Fleet News

Remarketing 1 - The Auction House

Why use an auction?
Auctions have long been regarded as the most efficient method of disposing of cars and commercial vehicles at the end of commercial contracts or periods of use on a fleet.
Auction houses such as Manheim Auctions and BCA have well established sale programmes for the fleet market, delivered through national networks of auction centres.

This means that there is nearly always a suitable auction on your doorstep. It’s worth looking at the huge variety of organisations which use auction as the primary route to remarket their vehicles or those reputable dealer groups who buy vehicles for their retail forecourts at auction.
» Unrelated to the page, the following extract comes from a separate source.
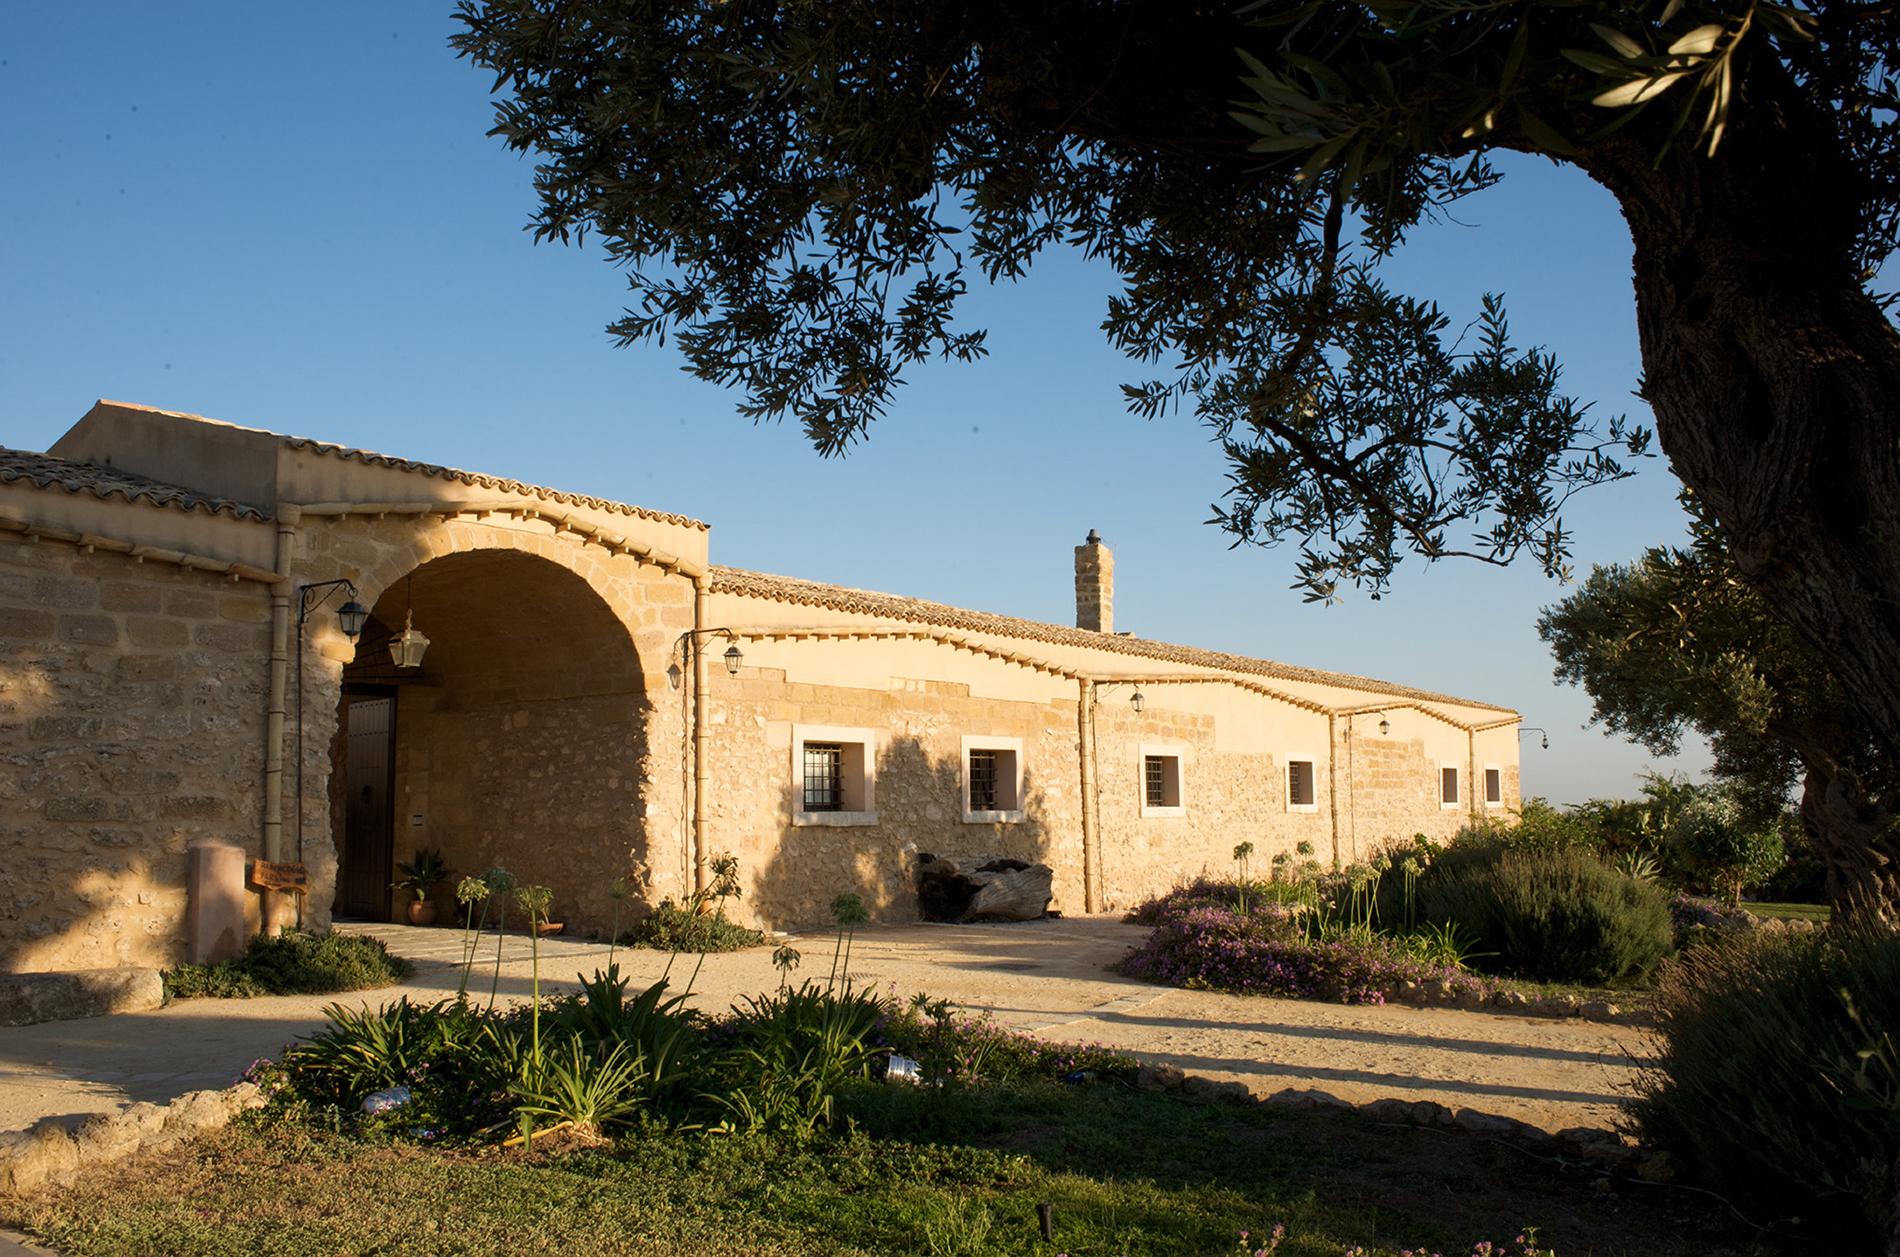 Magnifique domaine viticole sicilien - 8

Selling vehicles by auction will usually provide the quickest and most reliable way for fleets to turn their unwanted vehicles into cash.

The larger auction houses cater for all types and values of vehicles from the cheaper, higher mileages ones right up to the luxury end of the market.

From start to finish the entire process is generally handled by the auction company and there is little involvement required on the part of the fleet operator.

The most obvious advantage that auctions have over other methods is that they can attract thousands of trade buyers which ensure a fair market price for your fleet vehicles.
By using auction you do not have to get involved in advertising vehicles or dealing directly with dealers and traders.

By keeping the sale at arm’s length through a reputable auction company, you will also minimise the risk of selling vehicles to somebody who may not fully honour the payment.
 

How can fleet managers ensure they are dealing with a high quality auction company?
All reputable auction companies belong to the Society of Motor Auctions (SMA), which is part of the larger trade association, the Retail Motor Industry Federation (RMIF).

Members are bound by the SMA Customer Charter which promises to:
• Promote ‘Best Practice’ in the industry
• Be fair to both seller and purchaser
• Protect the purchaser against defect in title
• Commit to the SMA Code of Practice
• Ensure all staff are familiar with customers’ rights under the code
• Have an easily identifiable procedure for the handling of complaints
• Provide access to an independent arbitration facility

The SMA has over 70 members who between them sell in excess of 1.5 million vehicles per annum and their research suggests that over 60% of all fleet vehicles are sold by auction.

A good yardstick as to whether or not to use a particular auction is to simply look at which other fleet operators are selling their vehicles through that auction.

It is fairly safe to assume that most of the larger operators will have conducted rigorous checks before sending their vehicles there for sale.

What services should a fleet manager expect from an auction company?
The range of products and services available from auction houses, particularly the larger ones, is surprisingly comprehensive.

There should be very little that an auction company cannot provide a fleet operator to ensure ex-fleet vehicles are sold at maximum market value in the shortest possible time.
Most services are available on a clearly priced menu basis and all the fleet operator needs to do is to pick those which are most likely to fulfill their specific requirements.

There are two different types of auctions held - ‘open’ auctions: these are open to all-comers, trade or private buyers and make up the vast majority of auctions.

‘Closed’ auctions: these are for authorised trade buyers or dealers only and are not open to all-comers. They mainly cater for vehicles coming directly from the motor manufacturers and represent less than 10% of all auctions.

An essential part of any auction service is their ability to collect vehicles promptly within a short period of time from anywhere in the country and deliver them into the chosen auction centre.

Auction logistics can collect single vehicles or full loads of up to 11 vehicles at a time. They offer a highly responsive service which should see all collections undertaken within three working days from initial request or even quicker using a number of premium ‘fast track’ propositions.

The leading auction companies all have access to large fleets of in-house or contracted vehicle transporters, plus huge teams of trade-plate drivers and these combine to provide the capacity and responsiveness required.

Who buys vehicles at auction?
Every vehicle sold by a fleet operator requires a buyer and the leading auction houses have well-established relationships with thousands of them.

Generally speaking, vehicle auctions attract trade buyers but, with the exception of ‘closed auctions’ the halls are also open to members of the public.

There are literally thousands of trade buyers, comprising franchised dealers, independent retailers and wholesalers who buy stock at auction.

The great majority of vehicles, easily exceeding 85%, are sold to motor dealers who bid against each other in the auction for the stock they require.

This combination of a broad spectrum of wholesale trade buyers, coupled to an increasingly significant number of private consumers, creates strong buying power from which the fleet operator benefits.

Dealers who are regular attendees at auction often buy a number of vehicles in one sale, sometimes buying hundreds of vehicles each year.

On the other hand, members of the public are usually only going to buy a vehicle every two or three years.

It’s worth looking at how the auction companies market their sales locally, regionally and nationally through mailshots, catalogues and increasingly through website promotion.
Check out the main websites and look in particular for online information services such as ‘What’s On Guides’ and ‘Sales Calendars’.

These show how the overall sales programme is marketed by the auction companies to buyers, often categorised by vendor source and the type of vehicles on offer.